== Segment start ==
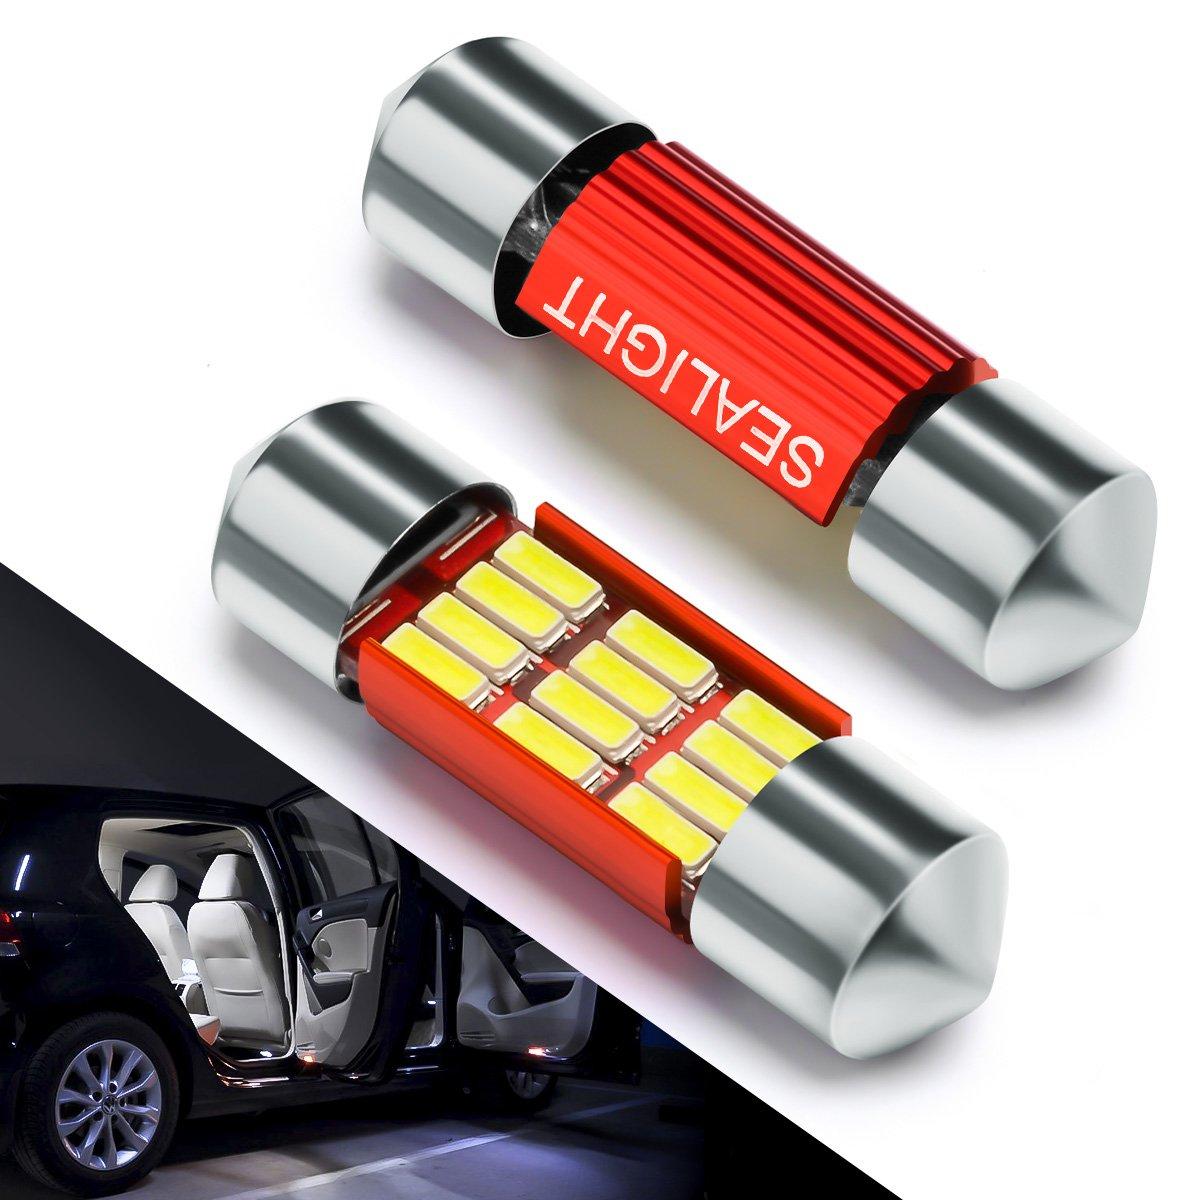 DE3175 led interior lights dome light bulb for car 3175 led bulb- SEALIGHT 4014 Chipset Canbus Error Free DE3021 DE3022 31mm 1.25 inches bulbs 6000K Xenon (S2) 4333000996
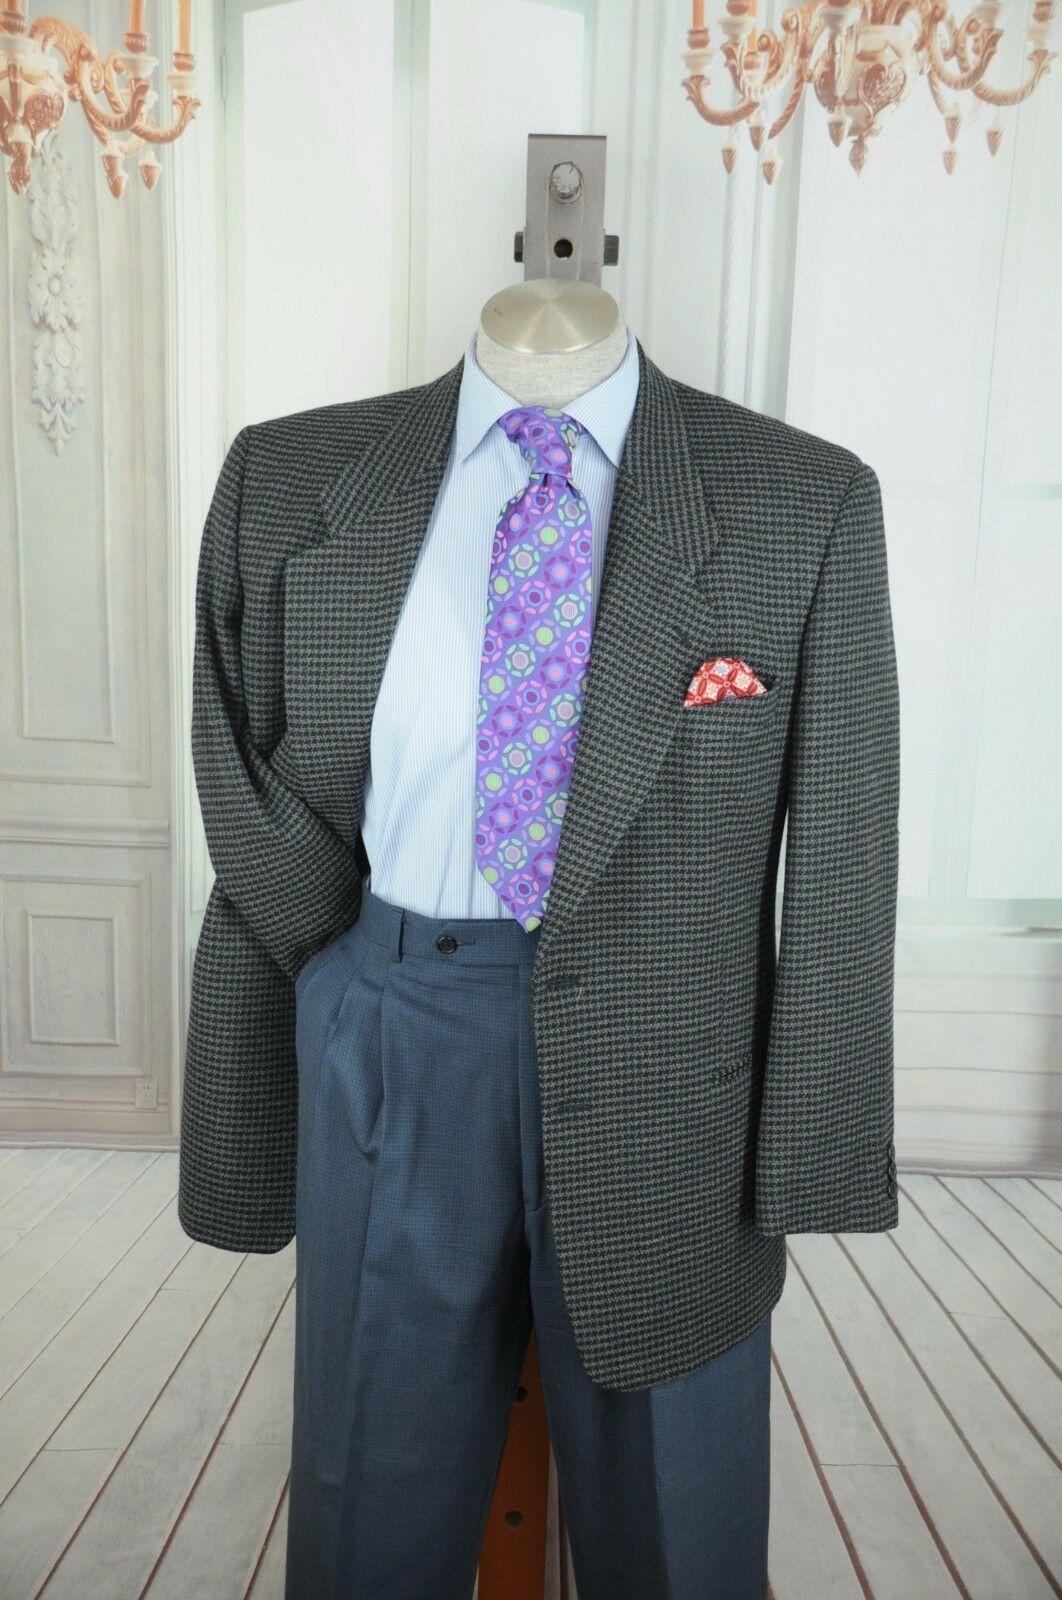 Giorgio Armani MANI Men's Black & Gray Wool Blend Sport Coat Blazer 40R 40 R
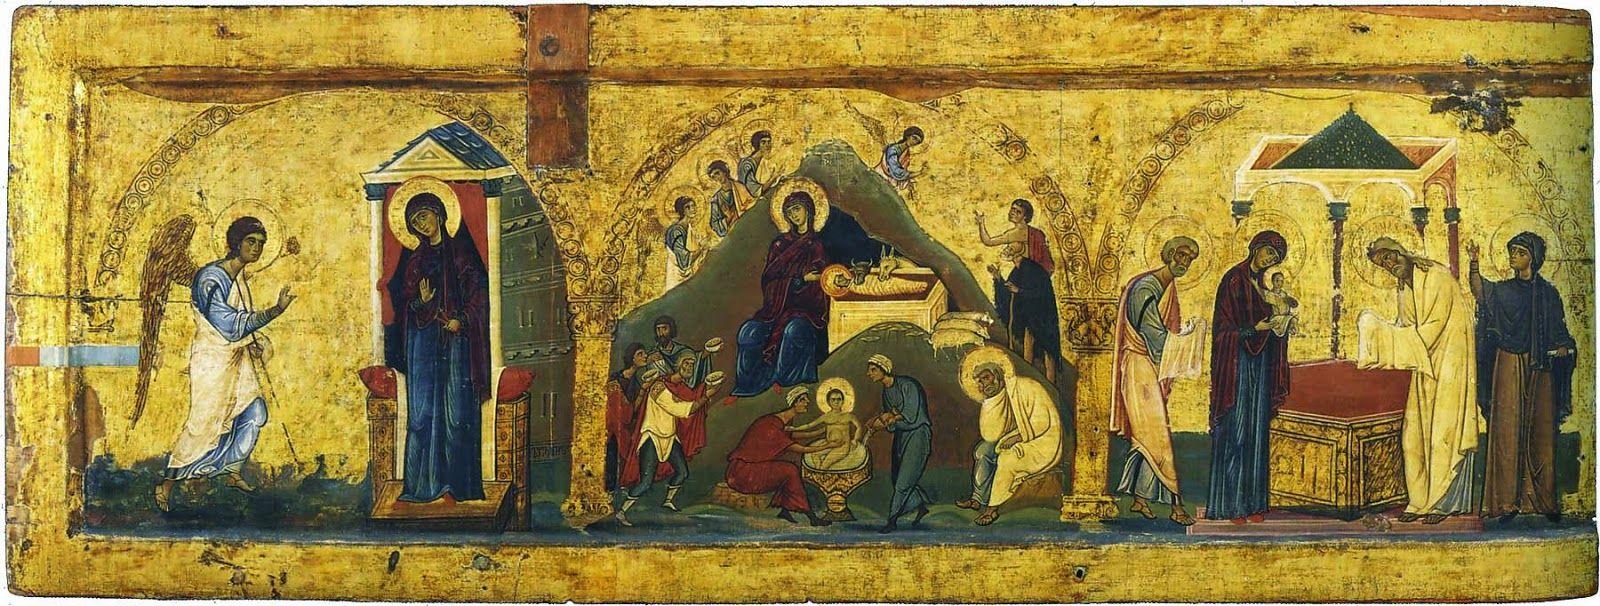 "MYSTAGOGY: ""On the Day of the Birth of Our Savior Jesus Christ"" by St. John Chrysostom"
== Segment end ==
With pictures excluded, the material is to be written out exactly as given.

 DE3175 led interior lights dome light bulb for car 3175 led bulb- SEALIGHT 4014 Chipset Canbus Error Free DE3021 DE3022 31mm 1.25 inches bulbs 6000K Xenon (S2) 4333000996
 Giorgio Armani MANI Men's Black & Gray Wool Blend Sport Coat Blazer 40R 40 R
 "MYSTAGOGY: ""On the Day of the Birth of Our Savior Jesus Christ"" by St. John Chrysostom"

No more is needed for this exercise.